Reasons to Watch: The civil case was originally terminated on December 11, 2014 but was reopened on December 12, 2015 after Kirtish Patel and Nita Patel pled guilty in a separate criminal enforcement action to one count of criminal health care fraud. The allegations in the government’s complaint in intervention are based on these guilty pleas in which they admitted that defendants Biosound Medical Services and Heart Solutions PC were paid at least $1,668,954.95 by Medicare for the fraudulently billed diagnostic testing and reports and for neurological diagnostic testing that was never supervised by a licensed neurologist. This case is notable because it is another example of DOJ’s recent trend of pursuing criminal sanctions against individuals for submitting false claims, in addition to civil damages against the corporate entity. As noted in the press release, the New Jersey U.S. Attorney’s Office’s Health Care and Government Fraud Unit dedicates itself to both criminal and civil investigations and prosecutions of health care fraud offenses. Since 2010, the New Jersey office has recovered “more than $640 million in health care fraud and government fraud settlements, judgments, fines, restitution, and forfeiture under the False Claims Act” and other statutes.

United States ex rel. Andrew Gelbman v. All Metro Home Care Services, Inc., No. 1:14-cv-6461 (S.D.N.Y.)

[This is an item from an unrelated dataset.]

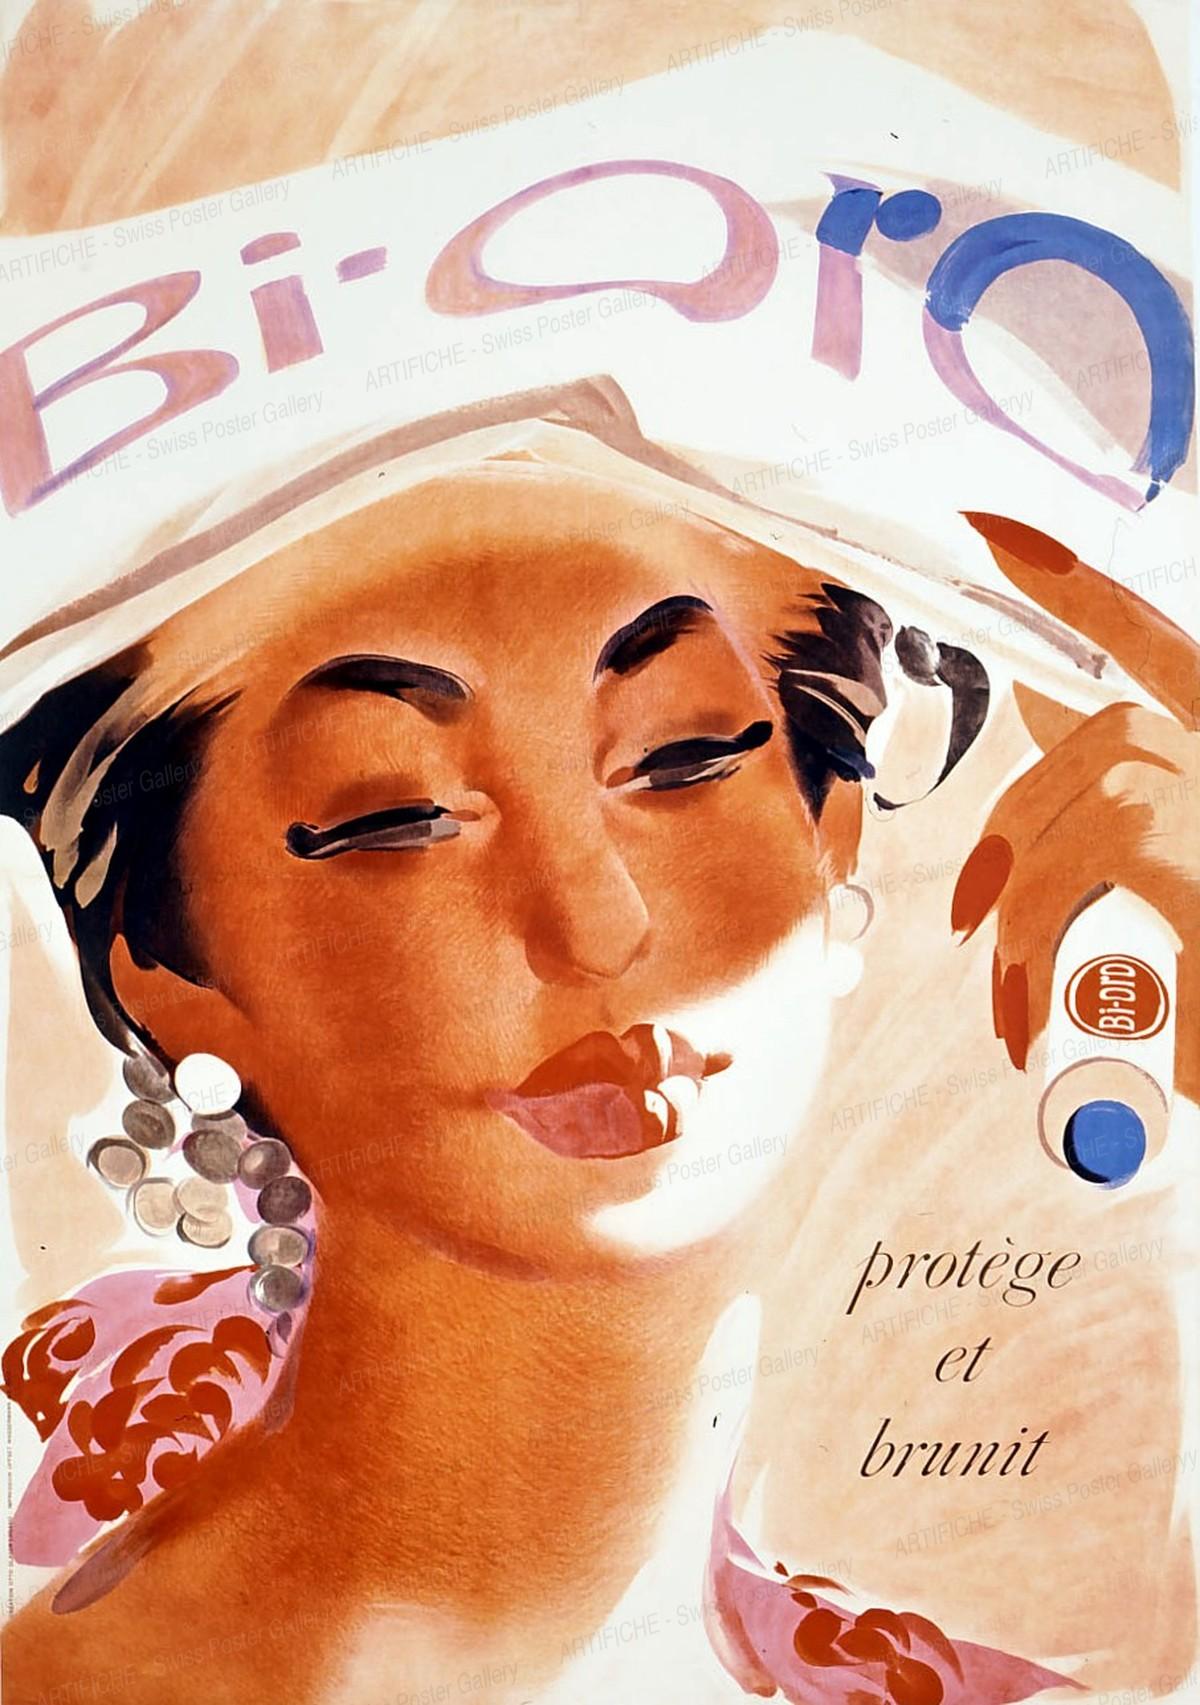 Bi-Oro – protège et brunit, Otto Glaser
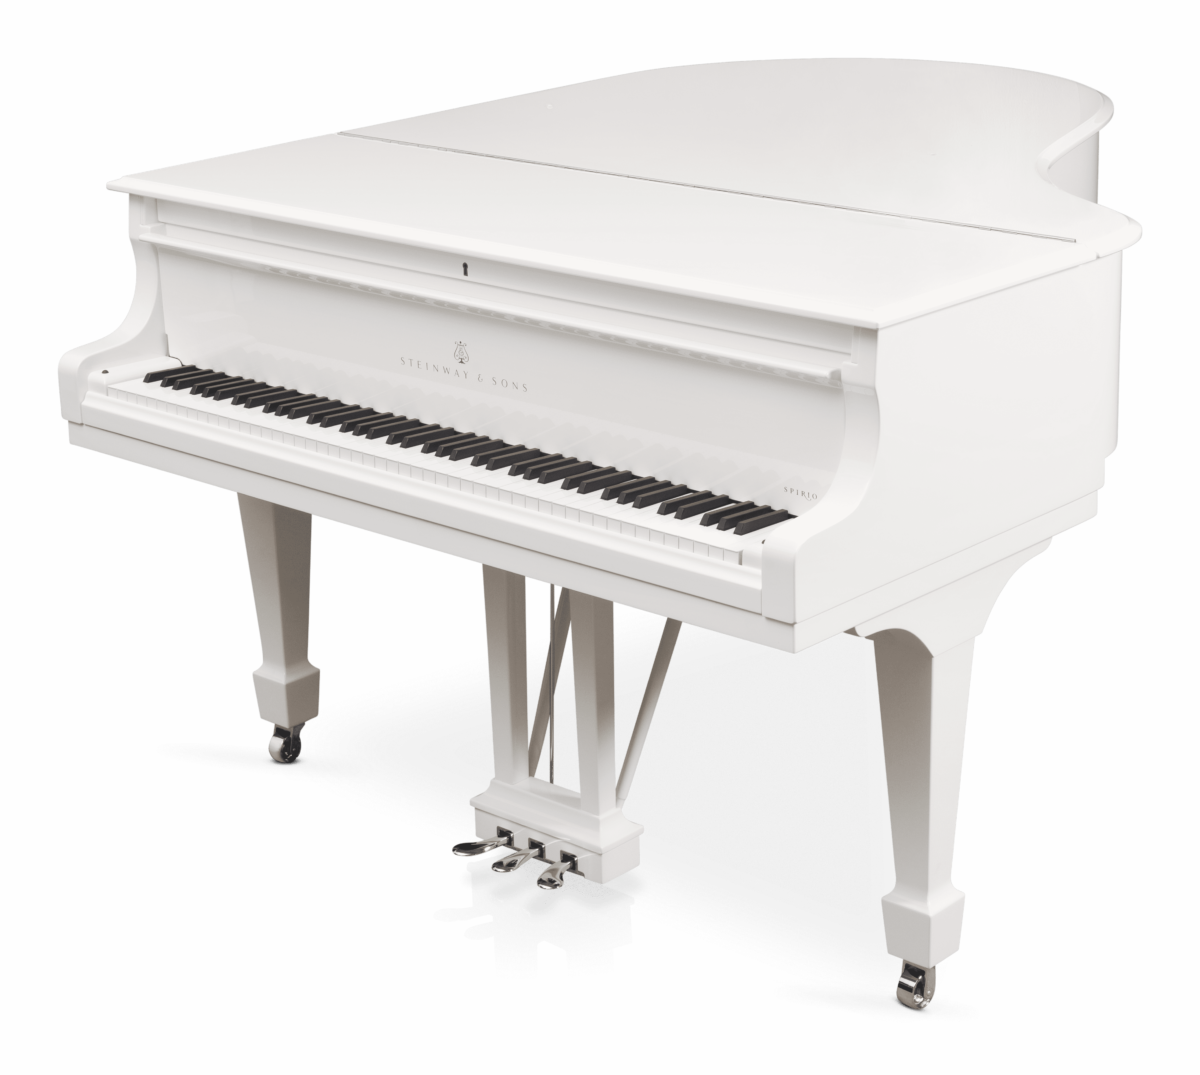 piano de cola Steinway & Sons Spirio O180 Chrome plano general tapa cerrada

Complaint Filed: August 13, 2014

Complaint Unsealed: December 2, 2015

Intervention Status: The United States declined to intervene on October 26, 2015.

Claims: The Relator alleged violations of both the FCA, pursuant to 31 U.S.C. § 3729 (a)(1)(A) and(a)(1)(B) (presenting false claims for payment and use of false statements), and the New York State Finance Law.

Name of Relator: Andrew Gelbman

Defendant’s Business: Defendants offered either home care services or a variety of services to people with developmental or other disabilities.

Relator’s Relationship to Defendant: Relator was employed by the New York State Department of Health (“DOH”) as an Information Specialist II and performed a wide variety of duties including operating as a Data Warehouse Interrogator.  His responsibilities in that role required him to perform business and systems analysis and fraud detection for eMedNY (the New York Medicaid Management Information System used to adjudicate Medicaid claims).

Relator’s Counsel: Law Office of Richard B. Ancowitz 

Summary of Case: Relator alleges that the defendants presented Medicaid claims, generally for services rendered to persons with special needs, that defendants knew or reasonably should have known were legally and/or factually false because the individuals to whom the services were provided were not eligible to receive them. According to Relator, the services typically included intermediate day care for developmentally disabled persons, day care programs for developmentally disabled persons, and related services. Relator’s allegations stem solely from data in the eMedNY system and are purportedly supported by a spreadsheet detailing each defendant’s Medicaid billings for services allegedly rendered to ineligible recipients.  This spreadsheet includes information about the services and supplies, the dates on which defendants allegedly provided them, each patient’s Medicaid number, the rate code billed, the amount paid for the claims, the procedures performed, and each patient’s diagnosis. Relator also asserts that each defendant had “a non-delegable duty and responsibility to determine recipient eligibility for receiving the Medicaid benefits claimed by the provider.” Relator explains that eMedNY determines whether a claim should be paid, denied or pended based on certain “edits.” He includes as an exhibit a list of “edits” from the eMedNY system that describes billings by the defendants that Relator alleges were “falsely and improperly presented [and paid in an amount that exceeded $335,981,859].”  After making several highly technical allegations, Relator charges that the defendants submitted claims in violation of applicable regulations, despite knowing that the providers and/or recipients of the services were ineligible to provide and/or receive them.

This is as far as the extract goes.